Unit costs based on prices and wages prevailing in the spring of 1934 for houses suitable for the localities were obtained for about 300 counties by the Farm Housing Survey, A summary of the figures is as follows:
CELLARS
Costs for ordinary cellars were reported for most sections as varying from 50 cents to $1 per square foot of floor space. The cost per square foot is, of course, less for a large than for a small cellar, other things being equal. Easy excavation and low-cost materials also make for low unit cost. Costs of nearly $2 per square foot were reported in some sections where the ground-water level is high and cellar walls and floor must be carefully waterproofed. In sections where cellars are not ordinarily used the cost of the foundation was reported as part of the cost of the house superstructure.

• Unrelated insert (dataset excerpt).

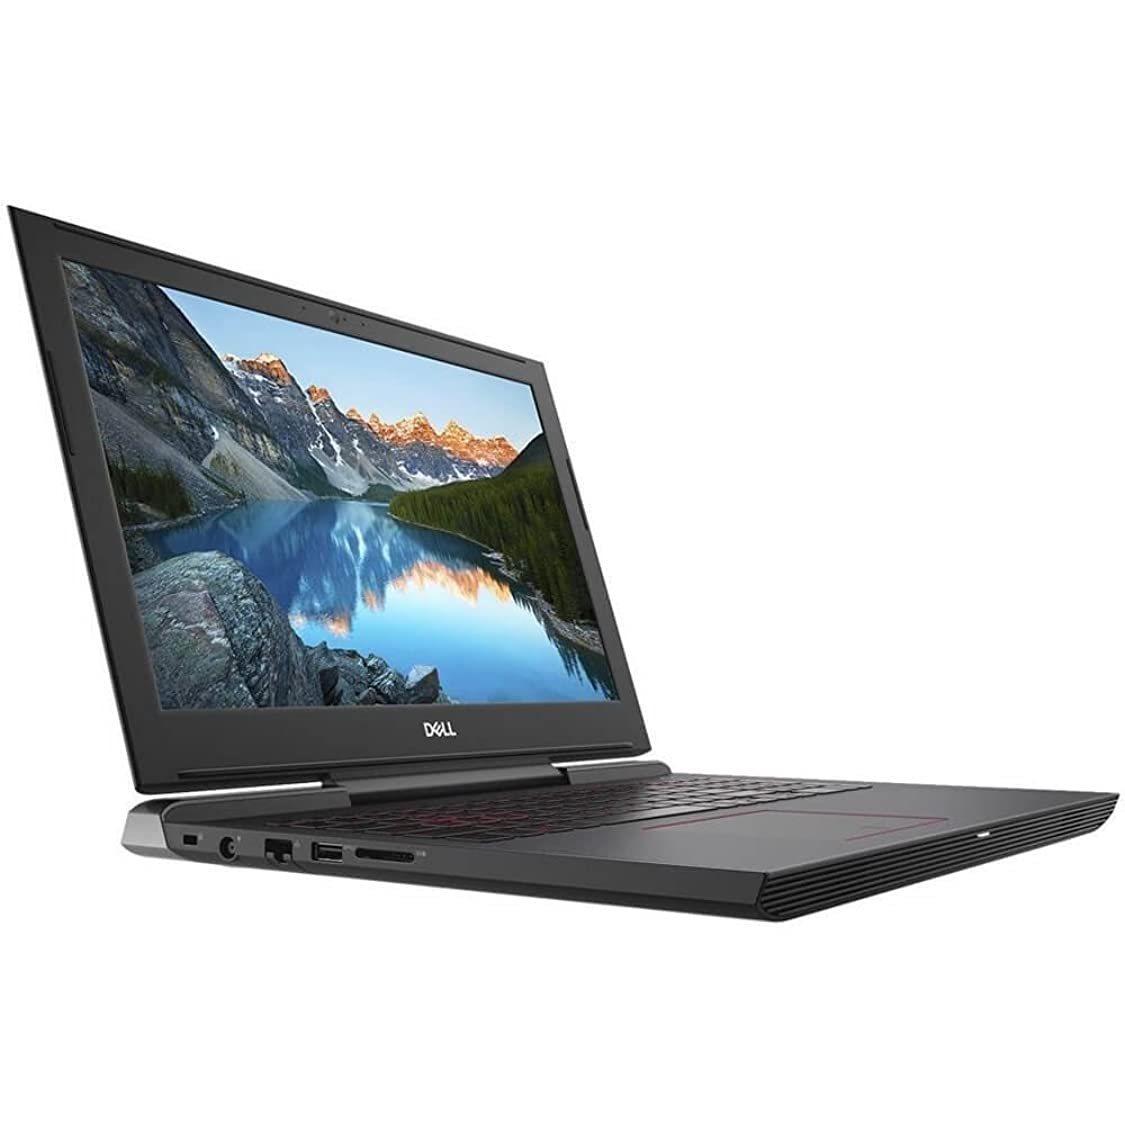 Dell Inspiron 15 7577 Laptop: Core i5-7300HQ, 256GB SSD, NVidia GTX 1060 6GB, 8GB RAM, 15.6inch Full HD Display (Renewed) av98618115220873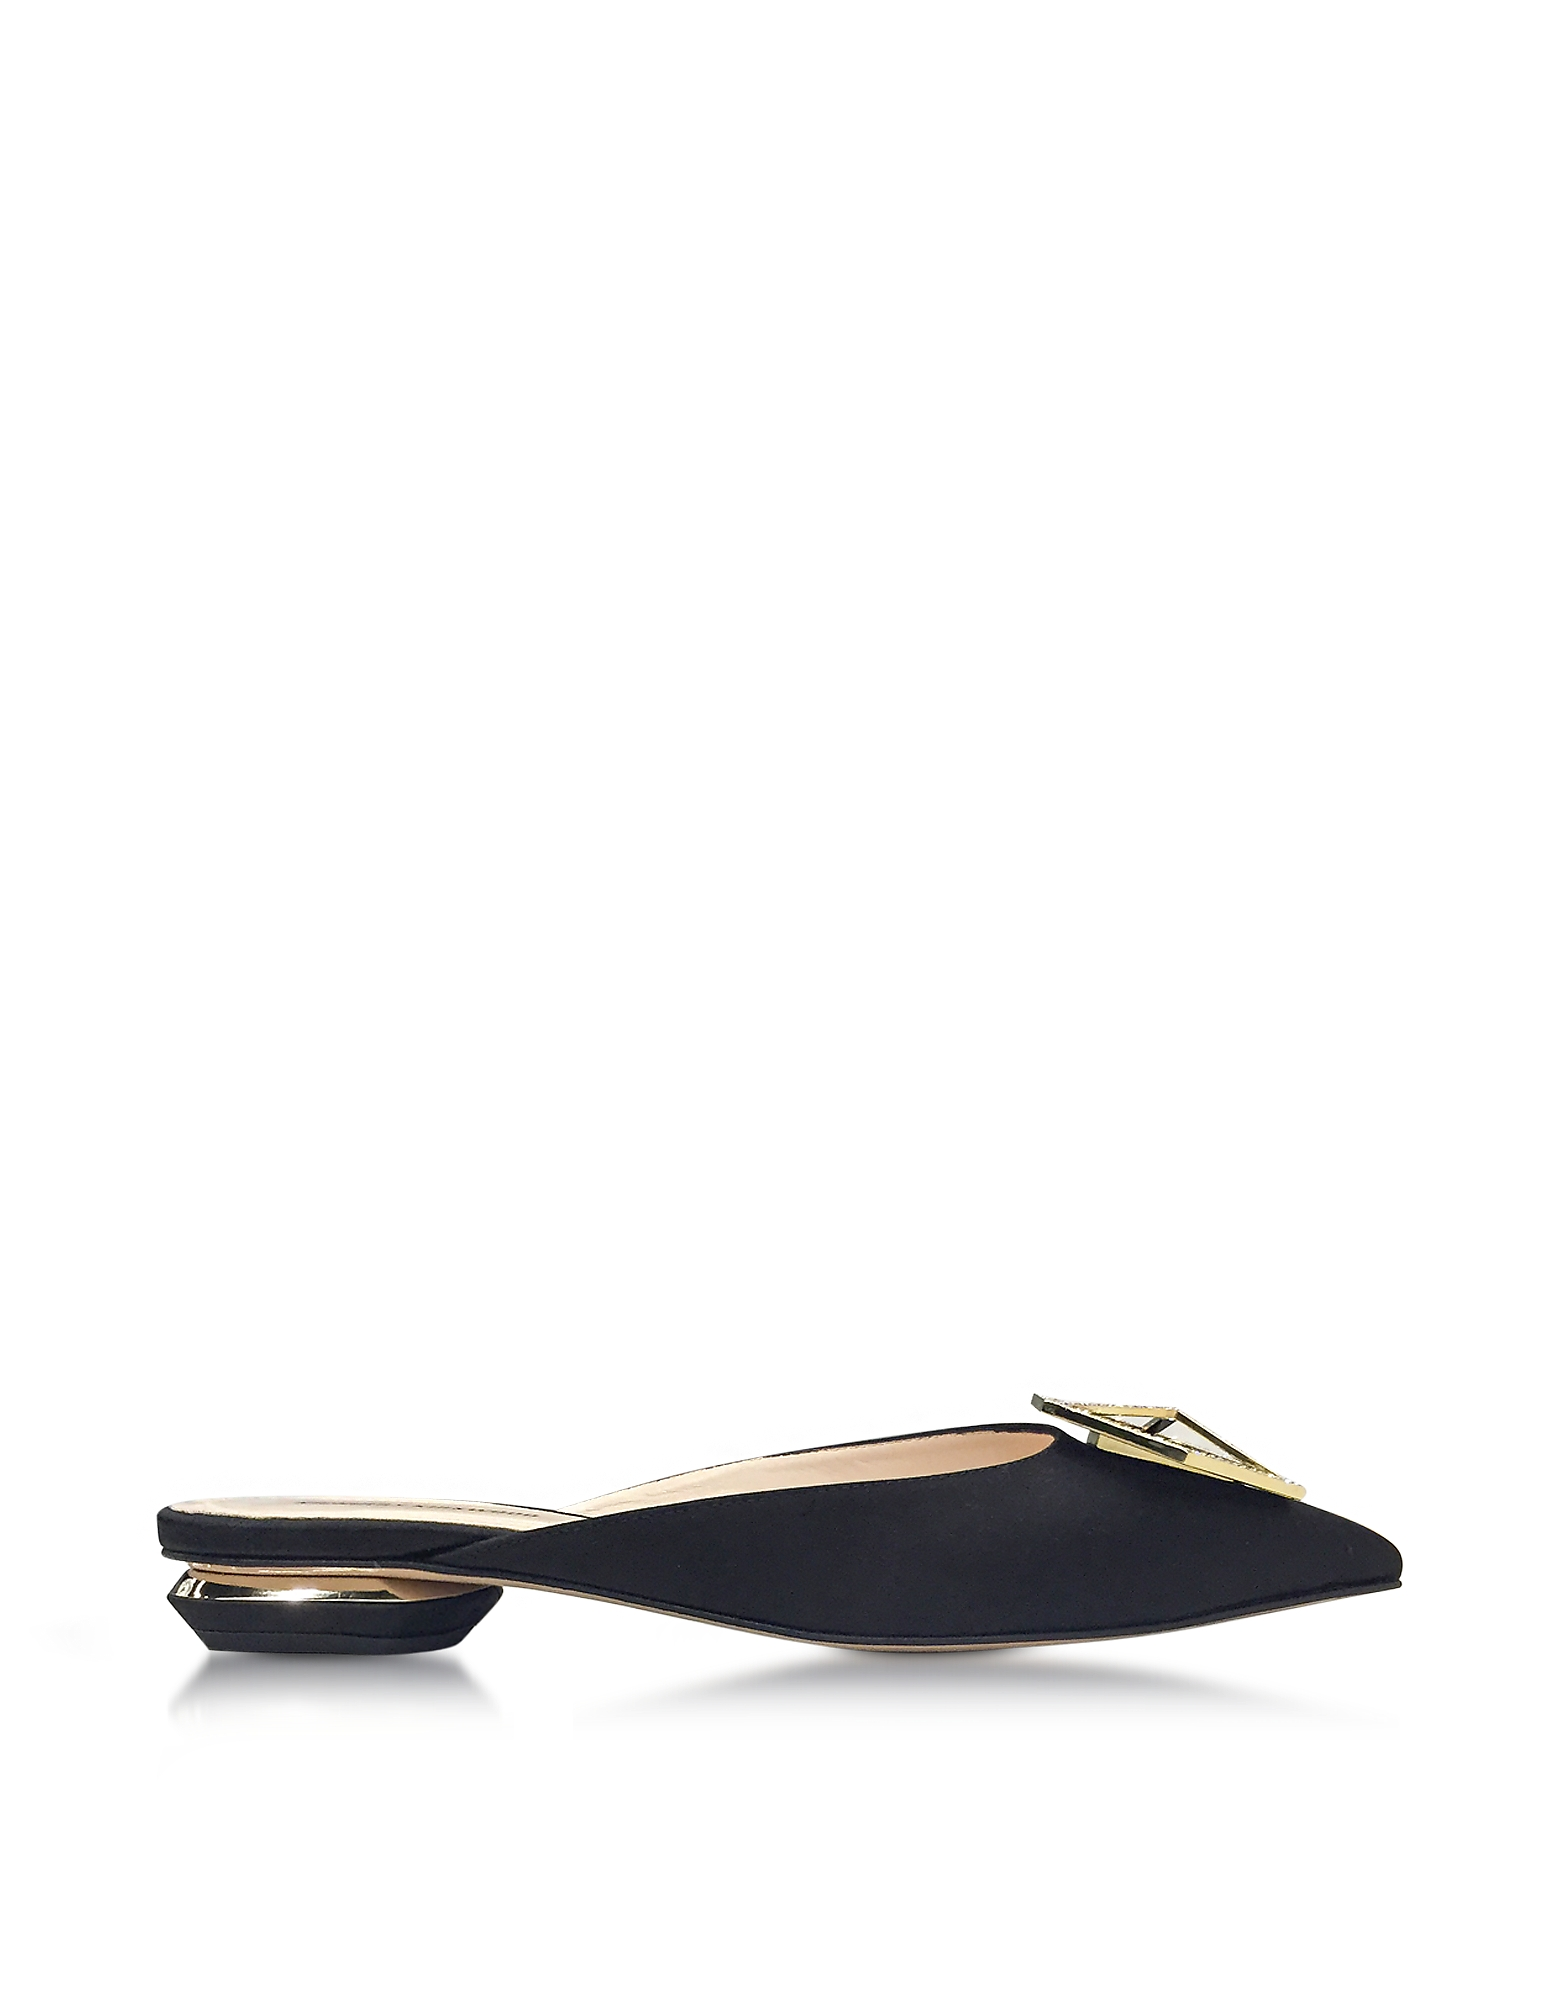 Nicholas Kirkwood Shoes, Eden Black Satin Jewel Mule

SUPERSTRUCTURES AND PORCHES
Reported costs of one-story frame superstructures, including heating, plumbing, and lighting equipment ordinarily used in the locality, ranged from $1.25 to $2.25 per square foot of floor space in the South, from $2.25 to $3.50 in the West and Southwest, from $2.50 to $4 in the North, and from $3 to $4.50 in New England. Costs in Maryland, Virginia, and West Virginia and in a narrow belt along the east coast, including Florida, were reported from $2 to $3.25, and in the timber-producing sections of the Northwest at about $2 per square foot. Costs in any locality are influenced by local factors, generally being relatively high near cities and in thickly settled sections and relatively low in places where there are local supplies of lumber or other materials.